Limiting long-term illness. Ecological inference with one binary and one continuous exposure, and combined aggregate and individual data.
Model for limiting long-term illness among men aged from 45 to 59 years in London, in terms of individual ethnicity, household income and area deprivation. Aggregate data are taken from the UK census small area statistics, and include ngr = 255 wards in London. Individual data are taken from the Health Survey for England, including 412 individuals in London.
model {
## ecological data
for (i in 1:ngr) {
## The number of individuals per ward reporting limiting long term illness
## is modelled as binomial, with risk py[i] constant over the area.

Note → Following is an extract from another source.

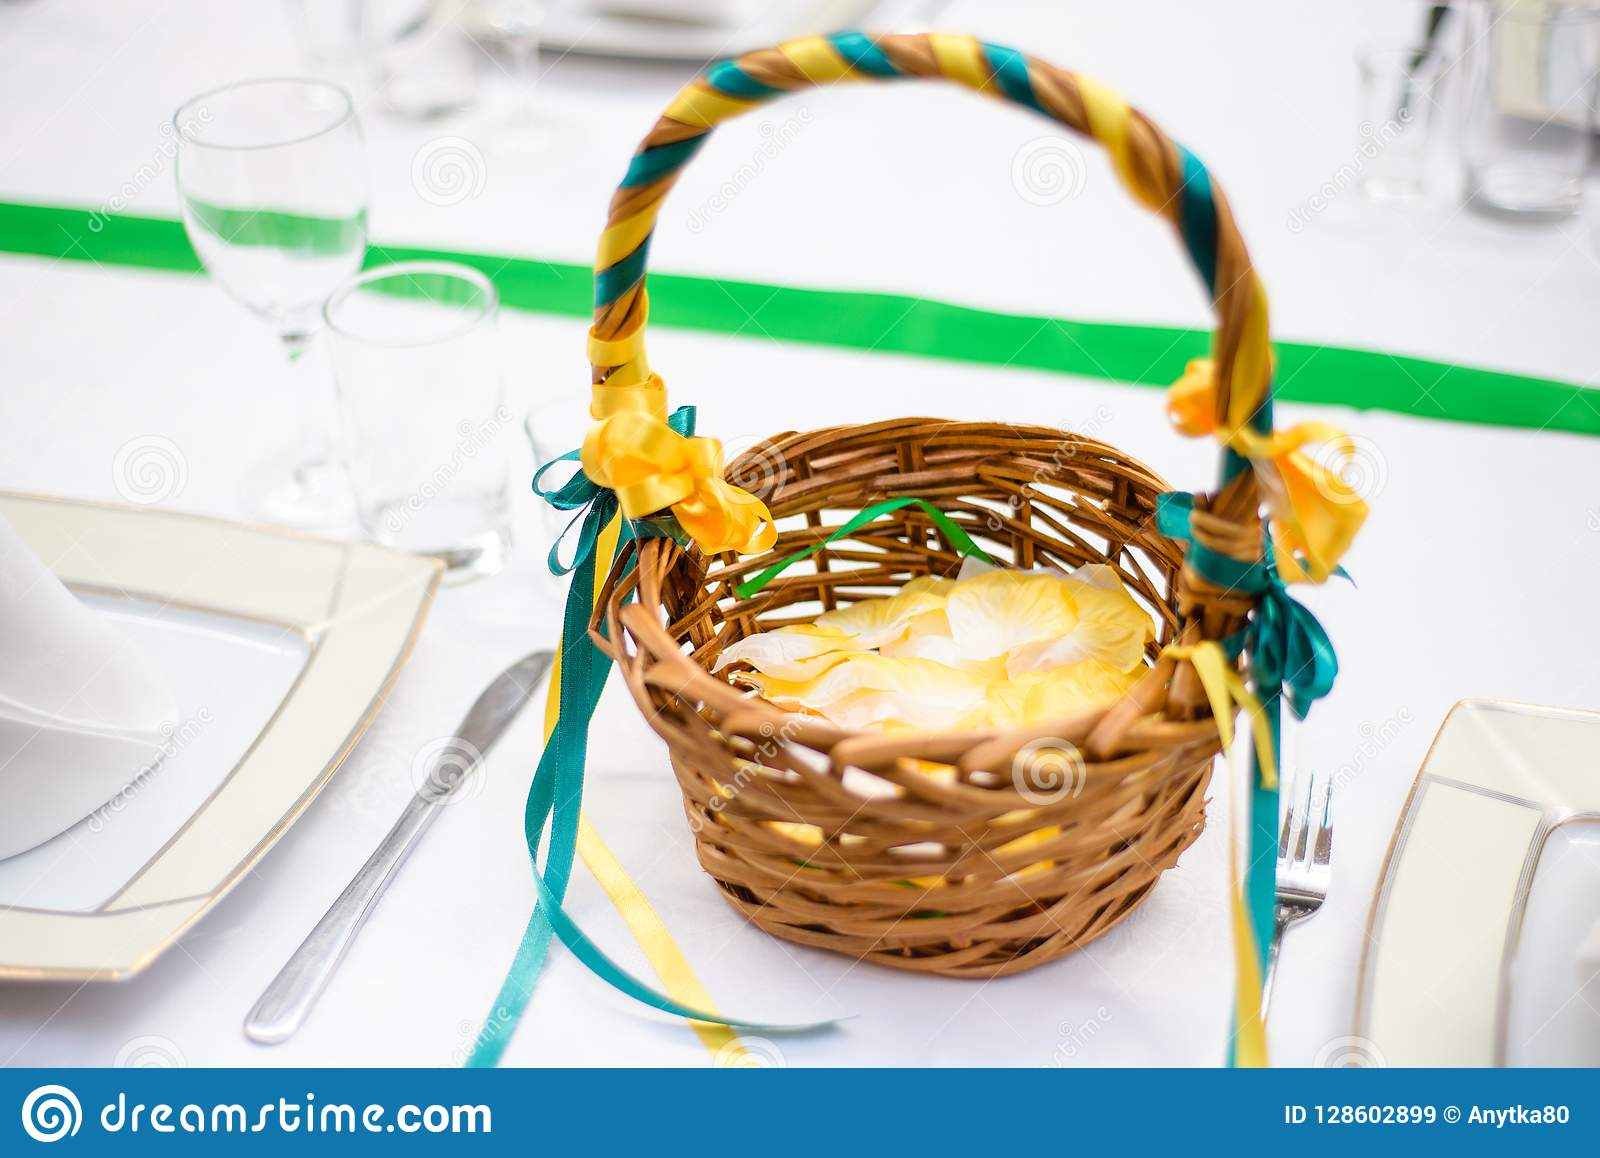 Basket With Petals Decor For A Wedding Stock Image Image Of Elegant Food 128602899
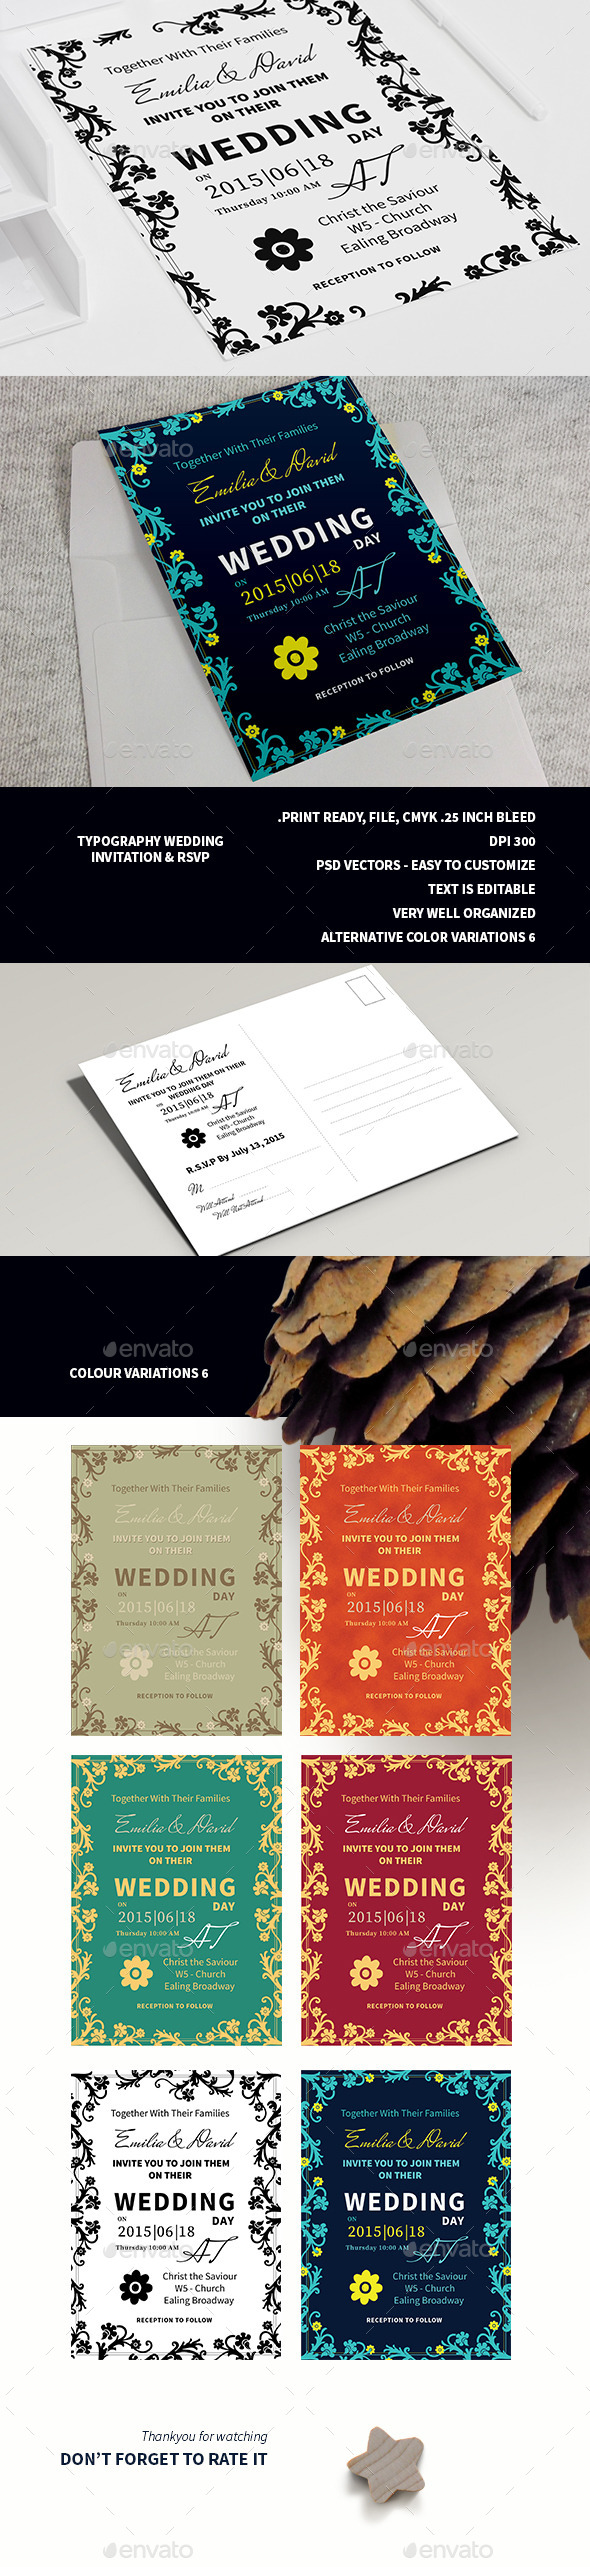 Typography Wedding Invitation & RSVP

N.llti[i] ~ dbin(py[i], N.pop[i])
## This risk is obtained by integrating the individual level risk, firstly over the binary exposure, non-white
## ethnicity
py[i] <- p.nonwhite[i] * pnw[i] + ( 1 - p.nonwhite[i] ) * pw[i]
## and secondly over the continuous variable, mean log income. Details of this calculation are given in
## Jackson et al., (2005)
Improving ecological inference using individual-level data.
logit(pw[i]) <- ( mu.base[i] + a.carstairs*carstairs[i] + a.lincome*mean.lincome[i] ) / sqrt(1 + pow(c*a.lincome, 2) / tau.x[i])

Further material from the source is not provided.